Preferred monomers that can be used alone or in combination with
other monomers include t-butyl(meth)acrylate, 1,5-pentanediol
di(meth)acrylate, N,N-dimethylaminoethyl (meth)acrylate, ethylene
glycol di(meth)acrylate, 1,4-butanediol di(meth)acrylate,
diethylene glycol di(meth)acrylate, hexamethylene glycol
di(meth)acrylate, 1,3-propanediol di(meth)acrylate, decamethylene
glycol di(meth)acrylate, 1,4-cyclohexanediol di(meth)acrylate,
2,2-dimethylolpropane di(meth)acrylate, glycerol di(meth)acrylate,
tripropylene glycol di(meth)acrylate, glycerol tri(meth)acrylate,
trimethylol propane tri(meth)acrylate, compounds described in U.S.
Pat. Nos. 3,380,381, 2,2-di(p-hydroxyphenyl)propane
di(meth)acrylate, pentaerythritol tetra(meth)acrylate, triethylene
glycol diacrylate, polyoxyethylene-1,2-di(p-hydroxyethyl)propane
dimethacrylate, bisphenol A
di[3-(meth)acryloyloxy-2-hydroxypropyl]ether, bisphenol A
di[2-(meth)acryloyloxyethyl]ether, 1,4-butanediol
di(3-methacryloyloxy-2-hydroxypropyl)ether, triethylene glycol
dimethacrylate, polyoxyporpyltrimethylolpropane triacrylate,
butylenes glycol di(meth)acrylate, 1,2,4-butanediol [sic]
tri(meth)acrylate, 2,2,4-trimethyl-1,3-pentanediol
di(meth)acrylate, 1-phenylethylene 1,2-dimethacrylate, diallyl
fumarate, styrene, 1,4-benzenediol dimethacrylate,
1,4-diisopropenylbenzene, and 1,3,5-triisopropenylbenzene
[(meth)acrylate means both acrylate and methacrylate].
Useful are ethylenically unsaturated compounds having molecular
weights below 300, e.g., an alkylene or polyalkylene glycol
diacrylate prepared from an alkylene glycol or polyalkylene glycol,
such as a 1-10 ether bond-containing C.sub.2-15 alkylene glycol,
and those described in U.S. Pat. No. 2,927,022, such as those
containing a terminal addition-polymerizable ethylene bond.
Other useful monomers are disclosed in U.S. Pat. No. 5,032,490.
Preferred monomers are polyoxyethylenated trimethylolpropane
tri(meth)acrylate, ethylated pentaerythritol acrylate,
trimethylolpropane tri(meth)acrylate, dipentaerythritol
monohydroxypentacrylate, and 1,10-decanediol dimethacrylate.

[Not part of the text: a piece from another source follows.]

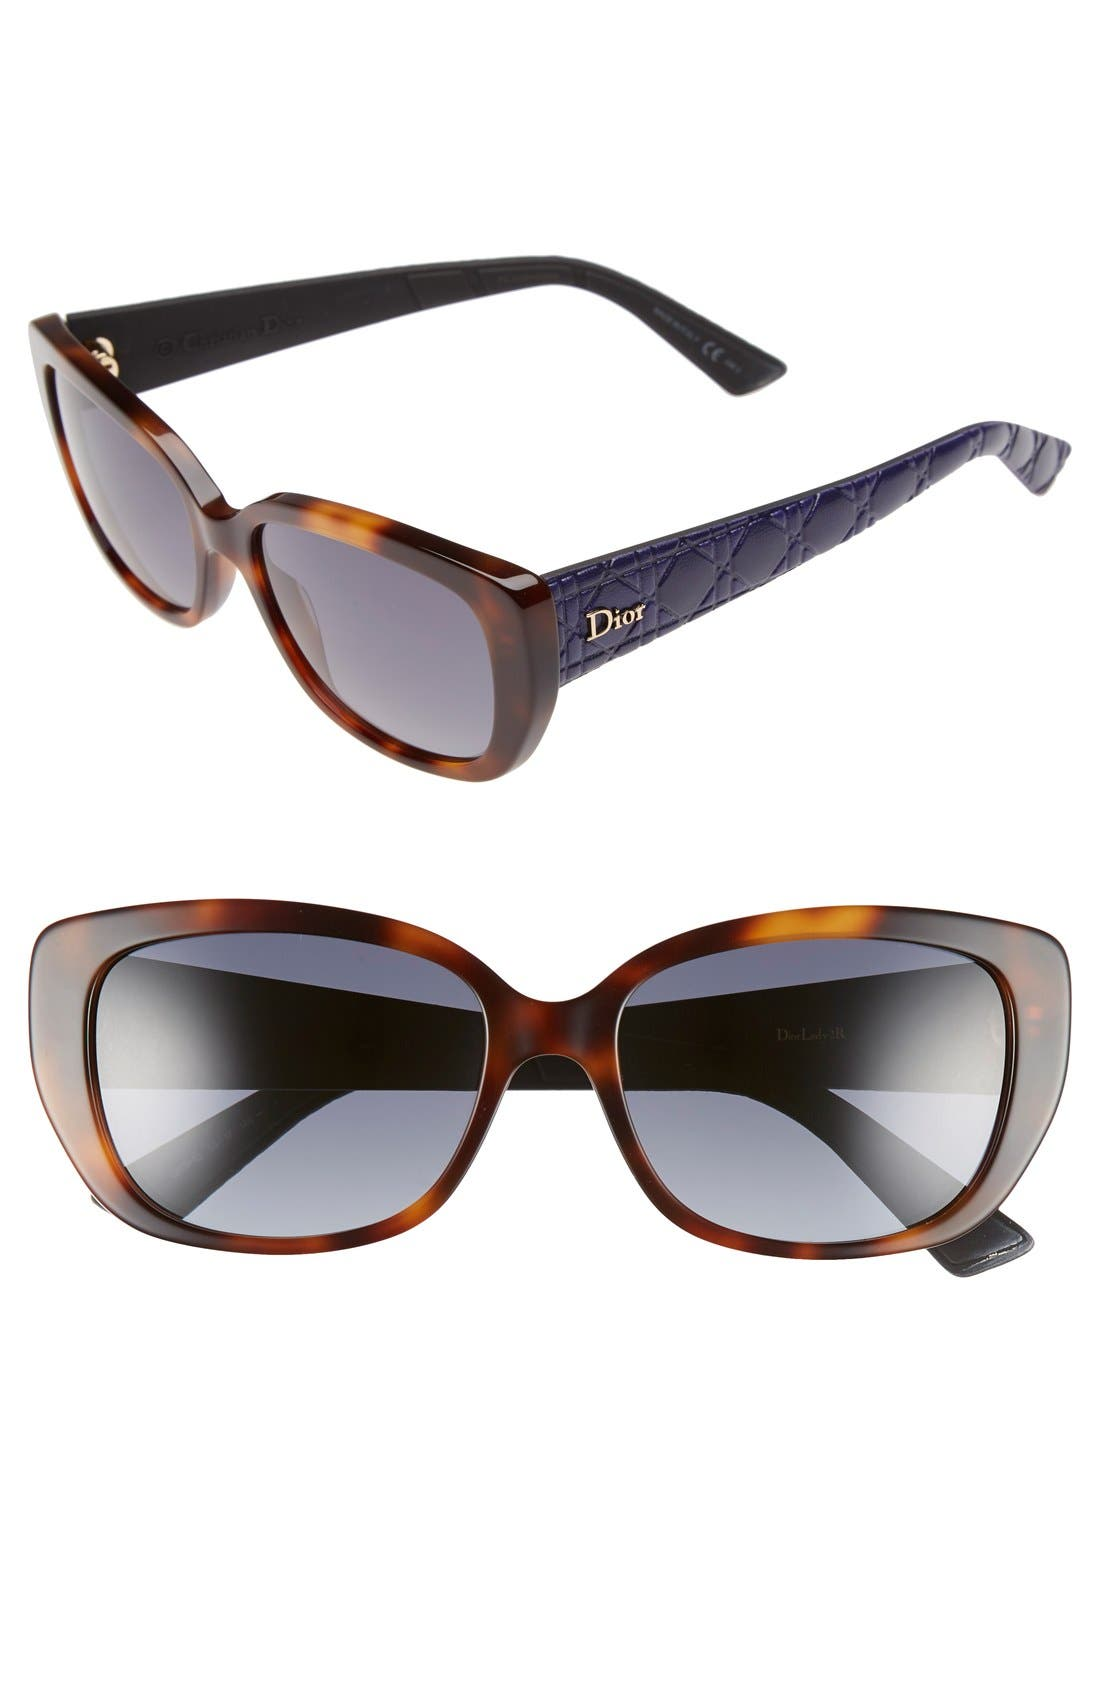 Lady 55mm Cat Eye Sunglasses,                         Main,                         color, 200

Other preferred monomers are monohydroxypolycaprolactone
monoacrylate, polyethylene glycol diacrylate (molecular weight:
about 200), and polyethylene glycol dimethacrylate (molecular
weight: about 400). The unsaturated monomer component content is
1-20 wt % based on the overall weight of the dry photopolymerizable
layer.
(G) Organic Medium
The organic medium is mainly used for the easy coating of
dispersions containing a finely pulverized composition on ceramics
and other substrates. Thus, first, the organic medium should be
capable of dispersing the solid components in a stable manner and,
second, the rheological property of the organic medium is to impart
good coatability to the dispersion.
In the organic medium, the solvent component that may be a solvent
mixture should be selected from those capable of complete
dissolution of polymers and other organic components. The solvents
are selected from those that are inert (not reactive) with respect
to the paste composition components. Solvents are selected from
those that have a sufficiently high volatility, thus evaporate well
from the dispersion even when coated under ambient pressure at a
relatively low temperature, while in the case of the printing
process, the volatility should not be too high, causing rapid
drying of the paste on the screen at room temperature. Solvents
that can be favorably used in the paste compositions should have
boiling point below 300.degree. C. under ambient pressure,
preferably below 250.degree. C. Such solvents may be aliphatic
alcohols or their esters such as acetic acid esters or propionic
acid esters; terpenes such pine resin, .alpha.- or
.beta.-terpineol, or mixtures thereof; ethylene glycol, ethylene
glycol monobutyl ether, and ethylene glycol esters such as butyl
Cellosolve acetate; butyl Carbitol and Carbitol esters such as
butyl Carbitol acetate and Carbitol acetate; Texanol
(2,2,4-trimethyl-1,3-pentanediol monoisobutyrate), and other
suitable solvents.
The compositions of the present invention may also contain
additional components described below, in addition to the
components described above.
(H) Additional Components
These are dispersants, stabilizers, plasticizers, releases,
stripping agents, defoamers, wetting agents, etc., that are well
known in the art. Common materials are disclosed in U.S. Pat. No.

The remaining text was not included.